Result of np.maximum: [ 2. nan nan  4.]
Result of np.fmax: [2. 2. 3. 4.]

This simple comparison reveals how maximum() returns NaN when either of the compared values is NaN, whereas fmax() ignores the NaN and provides a numeric comparison instead.

Example 2: Operating with Scalars

Both maximum() and fmax() can be used to compare arrays with scalars, making them incredibly useful for thresholding operations. For instance:

import numpy as np
from numpy import NaN

array_c = np.array([1, 5, NaN, 7])
scalar = 4

# Compare each element of the array with the scalar
max_with_scalar = np.maximum(array_c, scalar)
print('Comparing array with scalar using np.maximum:', max_with_scalar)

fmax_with_scalar = np.fmax(array_c, scalar)
print('Comparing array with scalar using np.fmax:', fmax_with_scalar)

Output:

Comparing array with scalar using np.maximum: [ 4.  5. nan  7.]
Comparing array with scalar using np.fmax: [4. 5. 4. 7.]

This functionality allows for intuitive and straightforward thresholding operations across your data.

Example 3: Broadcasting

One of NumPy’s strengths is its ability to perform broadcasting, which allows for operations across arrays of different shapes. The maximum() and fmax() functions are no exception here. Consider when comparing a 1D array with a 2D array:

import numpy as np

array_d = np.array([1, 2, 3])
array_e = np.array([[1, 2, 3], [4, 5, 6]])

# Broadcasting operation
max_broadcast = np.maximum(array_d, array_e)
print('Result of broadcasting with np.maximum:', max_broadcast)

fmax_broadcast = np.fmax(array_d, array_e)
print('Result of broadcasting with np.fmax:', fmax_broadcast)

Output:

Result of broadcasting with np.maximum: [[1 2 3]
 [4 5 6]]
Result of broadcasting with np.fmax: [[1 2 3]
 [4 5 6]]

Broadcasting enables the functions to apply across arrays of different sizes effectively, opening up more complex and flexible operations.

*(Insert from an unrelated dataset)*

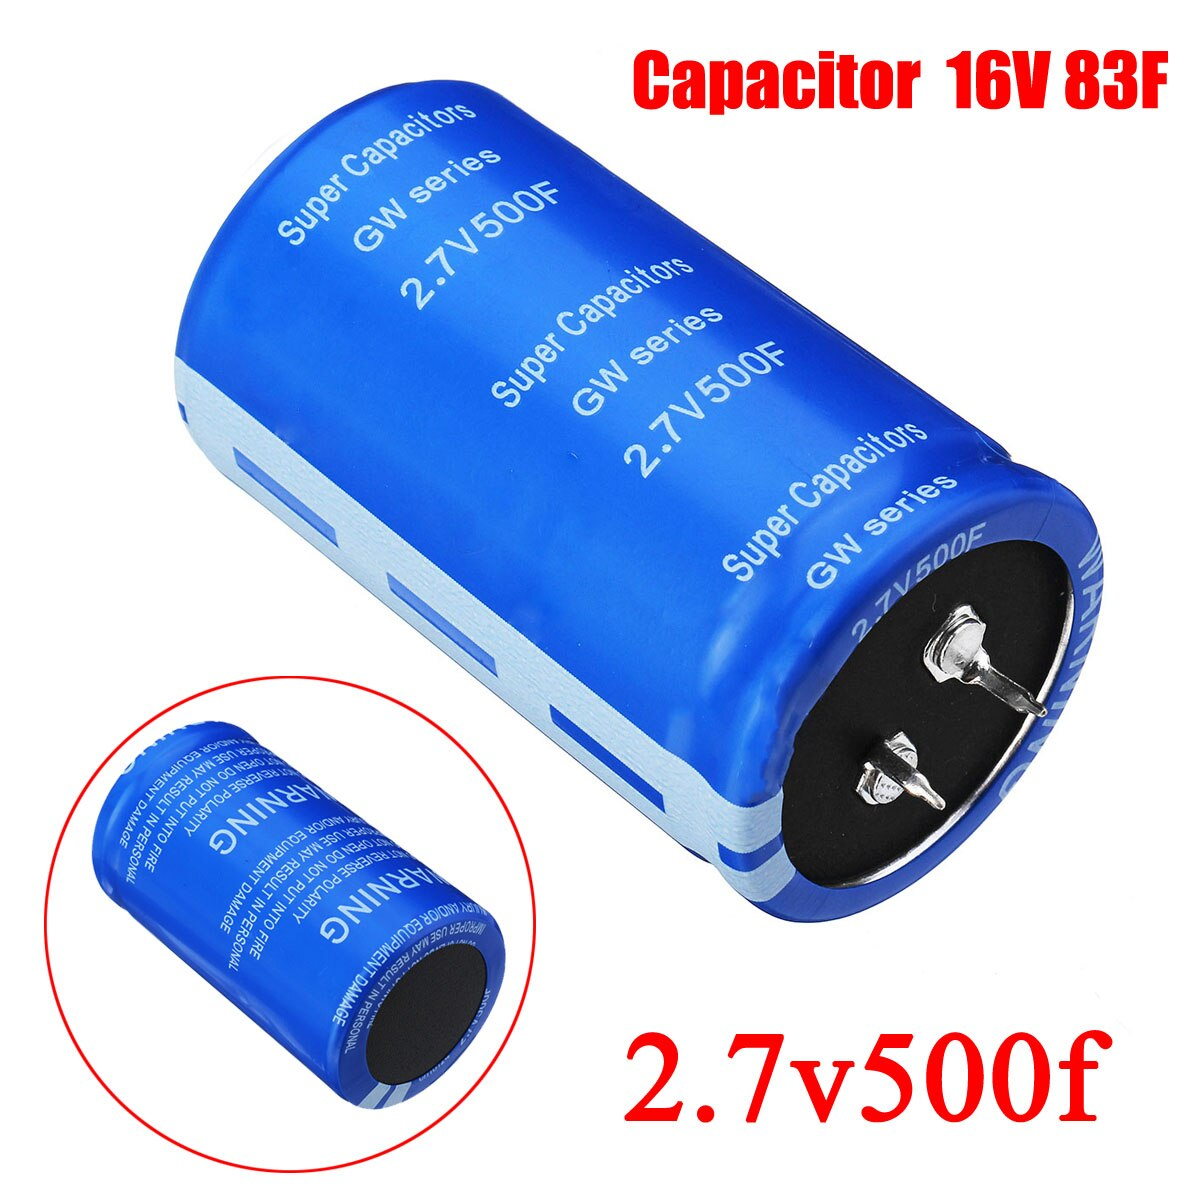 Condensador súper Fala 2.7v500f ESR bajo, pies de tornillo, súper condensador Ultracapacitor para coche 2,7 V 500F 6x4cm, súper condensador de faradio

Example 4: Advanced Usage with np.nanmax and Handling Arrays with NaNs

While fmax() is beneficial for comparisons involving NaNs, sometimes you might want to first preprocess arrays to replace or ignore NaNs altogether. This is where np.nanmax() comes into play, providing a way to compute the maximum value in an array while ignoring any NaNs:

import numpy as np
from numpy import NaN

array_f = np.array([NaN, 2, NaN, 4])

# Using np.nanmax to ignore NaNs and find max
max_ignore_nan = np.nanmax(array_f)
print('Max ignoring NaNs using np.nanmax:', max_ignore_nan)

Output:

Max ignoring NaNs using np.nanmax: 4.0

This approach is especially useful in data preprocessing stages or when performing statistical analyses.

Conclusion

The maximum() and fmax() functions are versatile tools in NumPy’s arsenal for numerical computing. Through these examples, we’ve seen how they allow for elemental comparisons, broadcasting across different array shapes, and handling of NaNs in a manner suited to your needs. Understanding when to use maximum versus fmax, especially in the presence of NaNs, can significantly enhance your data processing workflows.